Thank you Akilesh, you was right and I had just to look after the logs… Very simple in fact. In the logs, I had this error: 2015-05-20 09:15:07.642 6808 TRACE neutron.agent.metadata.agent EndpointNotFound: Could not find Service or Region in Service Catalog.
So I check the endpoint-list (with keystone) and I find that region was not RegionOne but regionOne. So I have changed the “auth_region =” entry in metadata_agent.ini from RegionOne to regionOne and it’s work.
By the way, just another question: is it normal that, if I want my instances was correctly automatically configured with the 169.254.169.254 route I must set the options:
enable_isolated_metadata =
enable_metadata_network =
To True ?
Thank you again.
Did not understand your last question. As long as your instances have picked up the IP assigned to it by dhcp agent and metadata agent is up and running. your instances can reach 169.254.169.254.
did you install cider??
Volumes menu is not shown in the console. What to do?
Thmk you for the tut…After a restart the services stop… I tried restarting all the services but some error occur in
neutron agent-list.. Please help
in my case, I need to add the following to /etc/neutron/neutron.conf to make it work
[DEFAUL]
…
lock_path = $state_path/lock
Hi,
once I install neutron and add bridges I am not able to ping host ip from other pc on the same network.
my set up is on single node with ip 192.168.1.15
but after neutron installation and bridges I am not able to ping from ip like 192.168.1.10.
Pinging 192.168.1.15 with 32 bytes of data:
Request timed out.
Request timed out.
Hi
If you have 2 nics, you would have to attach the bridge to the nic other than the one having the IP 192.168.1.15.
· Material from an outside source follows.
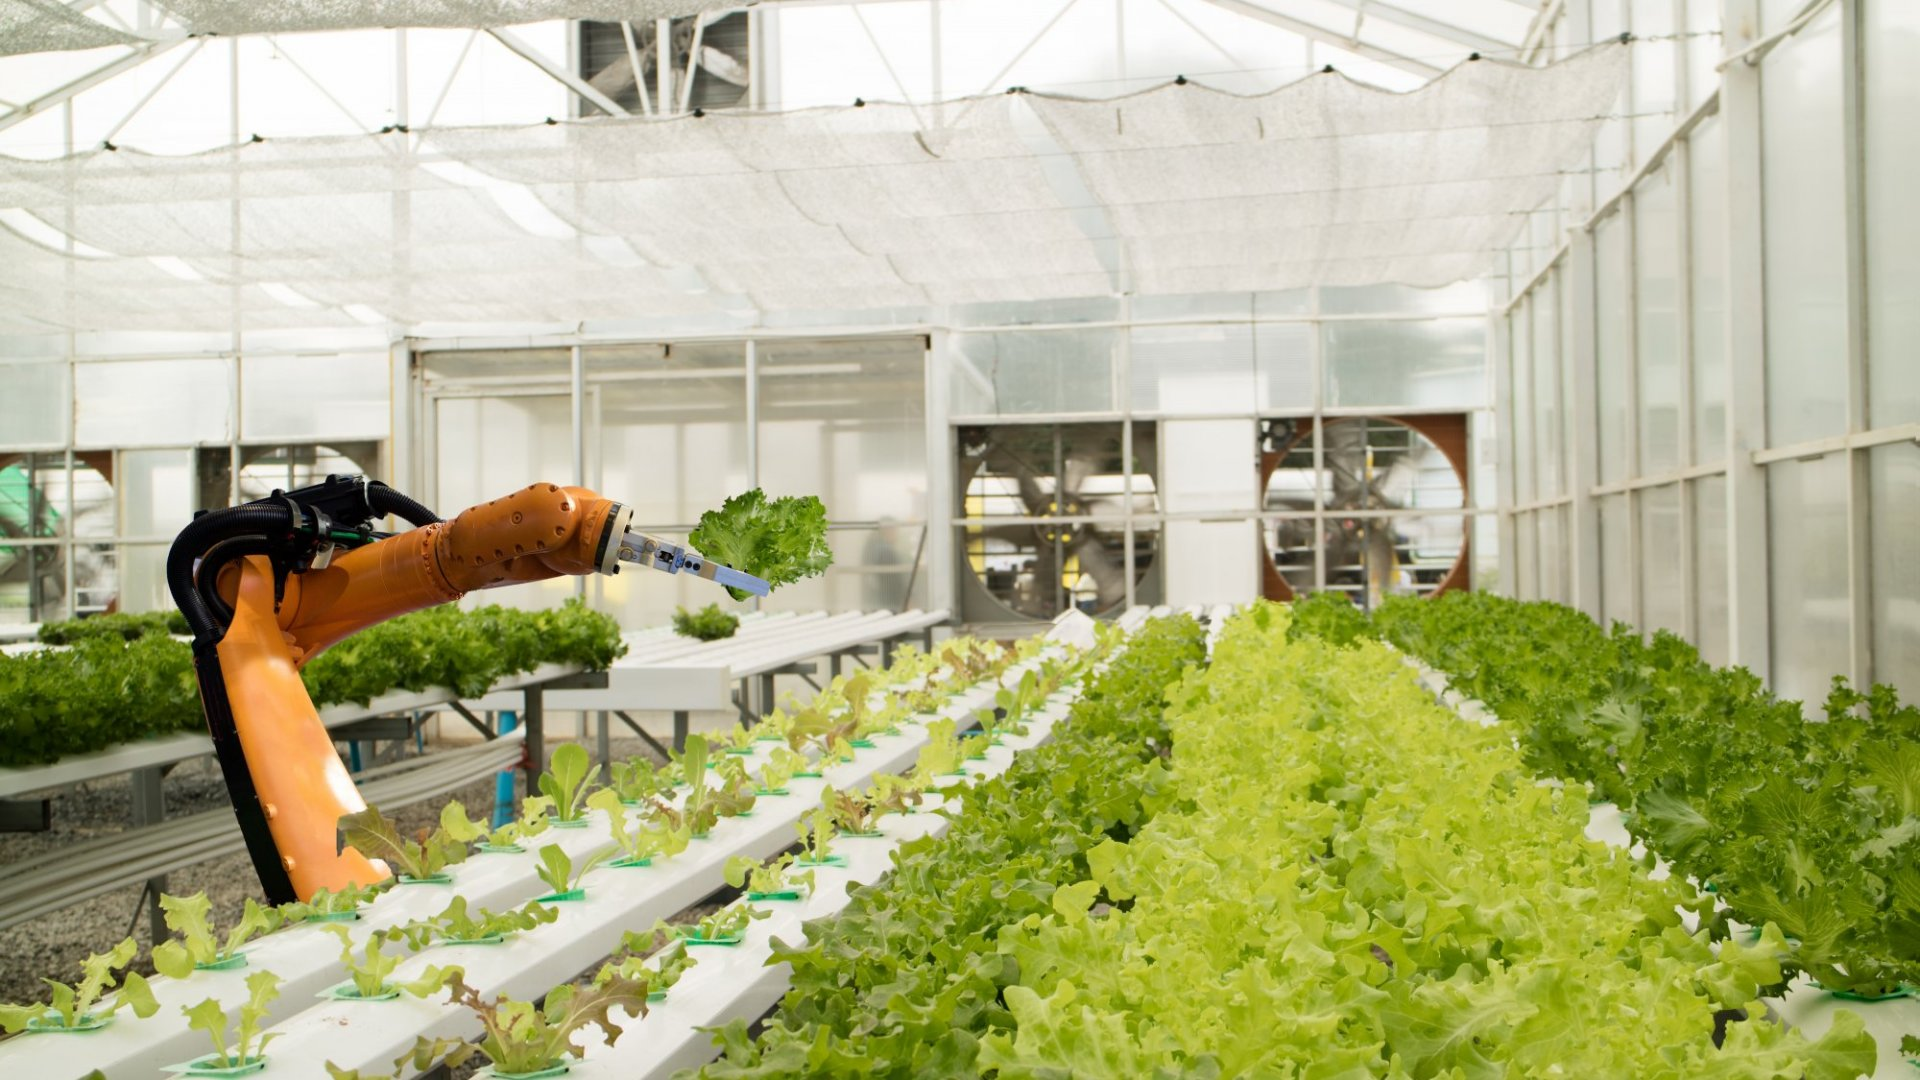 Are Robots the Future of Farming?

If you have only one nic kindly use the following procedure.
https://fosskb.wordpress.com/2014/06/10/managing-openstack-internaldataexternal-network-in-one-interface/
Hello
I have a problem. If i dont want to disable openssh, following above insllation way, i need have 3 NIC (eth0 : 10.0.0.1 ; eth1: private network; eth2: public network), right?
Thank you
I can not understand the relevance of openssh here.
hello
I met same issue like this. To dont meet this problem, have i minimum 3 NICs (eth0 for 10.0.0.1 ; eth1 for Private network and eth2 for Public network) ? Help me explain clearly.
Thank you
We are unable to understand your problem. If you are installing openstack, It is recomended to have machines with two nics to use as compute node and machines with three nic as network node. But you can still manage to install openstack on a single machine with single nic.
Hi akilesh1597 brother
My problem is :
My server have 2 NICs : eth2 has IP : 10.0.0.1 and connects with ext network – eth1 connects with int network.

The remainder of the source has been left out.